Despite the grassroots spread-the-word campaign launched by STOP,
despite the announcement of the formation of the Task Force in mid-July, despite the murder of the eleventh child just a week before that announcement, there was still scant media coverage. I recall thirty-second spots, maybe they were a minute, on the evening news, but not much else. When I compare this to the media madness surrounding the murder of JonBenét Ramsey, the six-year-old beauty queen from Colorado, I find it hard to reconcile.

In the early summer of 1997, I turned in to the parking lot of the Boulder Police Department to pick up my husband for a lunch date. I couldn’t find an empty space because they were all taken by sports utility vehicles painted with logos of local and national news shows. The street was lined with television trucks sprouting satellite dishes and antennas. All of this to cover the investigation of a child who had been murdered six months earlier, a crime that, despite what the girl’s parents said, the police felt was not random and had announced long ago there was no reason for parents to fear for their children’s safety.

Even though the investigation hadn’t generated any more than scraps of information in months, the media still covered the story as though it had broken that morning. I ended up parking two blocks away and walking back to the police department. When any officer above the rank of patrolman came through the glass doors, the media people swarmed from trucks and cars like kids freed from school on a warm Friday afternoon.

“Did something happen today?” I asked my husband as we walked to the car.
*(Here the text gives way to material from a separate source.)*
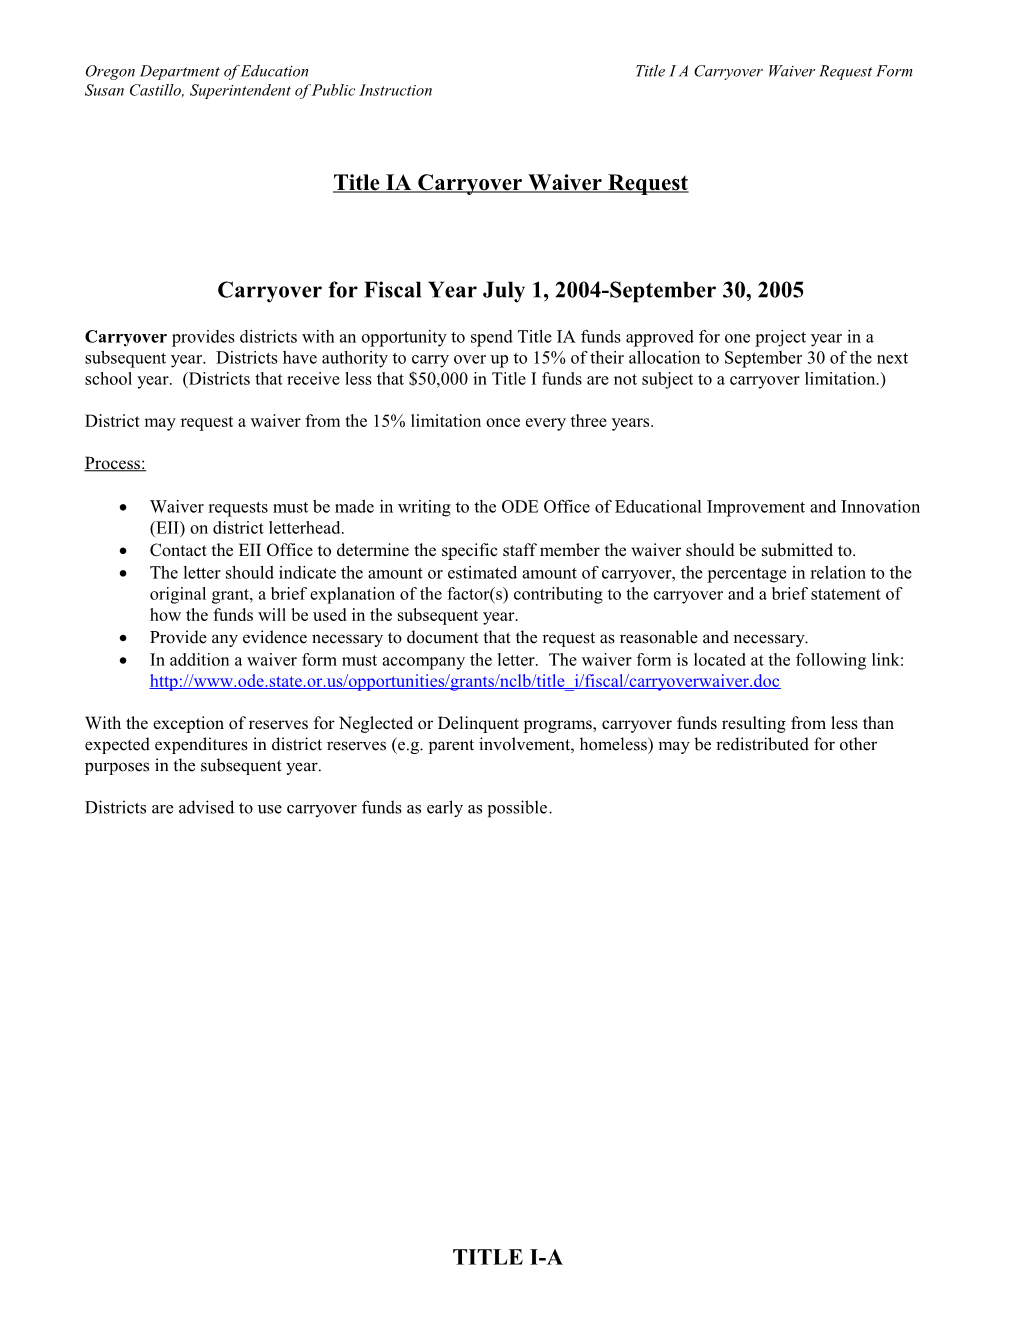 Oregon Department of Educationtitle I a Carryover Waiver Request Form

“Nothing new has broken in a month, but they keep waiting for something. And when there’s nothing, they report on that, too.”

 

*

 

Ma had been going through case files on the dining room table, getting herself acquainted with the investigation. She had left the room for some reason, but didn’t bother to put away her work because Bridgette and I had been told the dining room was off-limits. I found the
Kidnapped Child Bulletin
on Ma’s stack of papers. It showed a picture of the still missing seven-year-old girl, probably a school picture that came in assorted sizes meant for displaying proudly in a grandmother’s living room and passing out to family for keeping in wallets. It had that look. She still looked more like a baby than a child, rounded cheeks still full with baby fat. The bulletin read, “
SHE
SUCKS
HER
THUMB
AND
HAS
SLIGHTLY
PROTRUDING
TEETH
.” I couldn’t tell this from the photo. All I saw was a little girl who looked so happy the day the picture was taken that the photographer probably didn’t have to tell her to smile. I stared at the picture wishing for some sign, praying that she would send me a vision of where she was, who had her. No sign came. She just kept smiling at me from the photo, looking more like a baby than a child.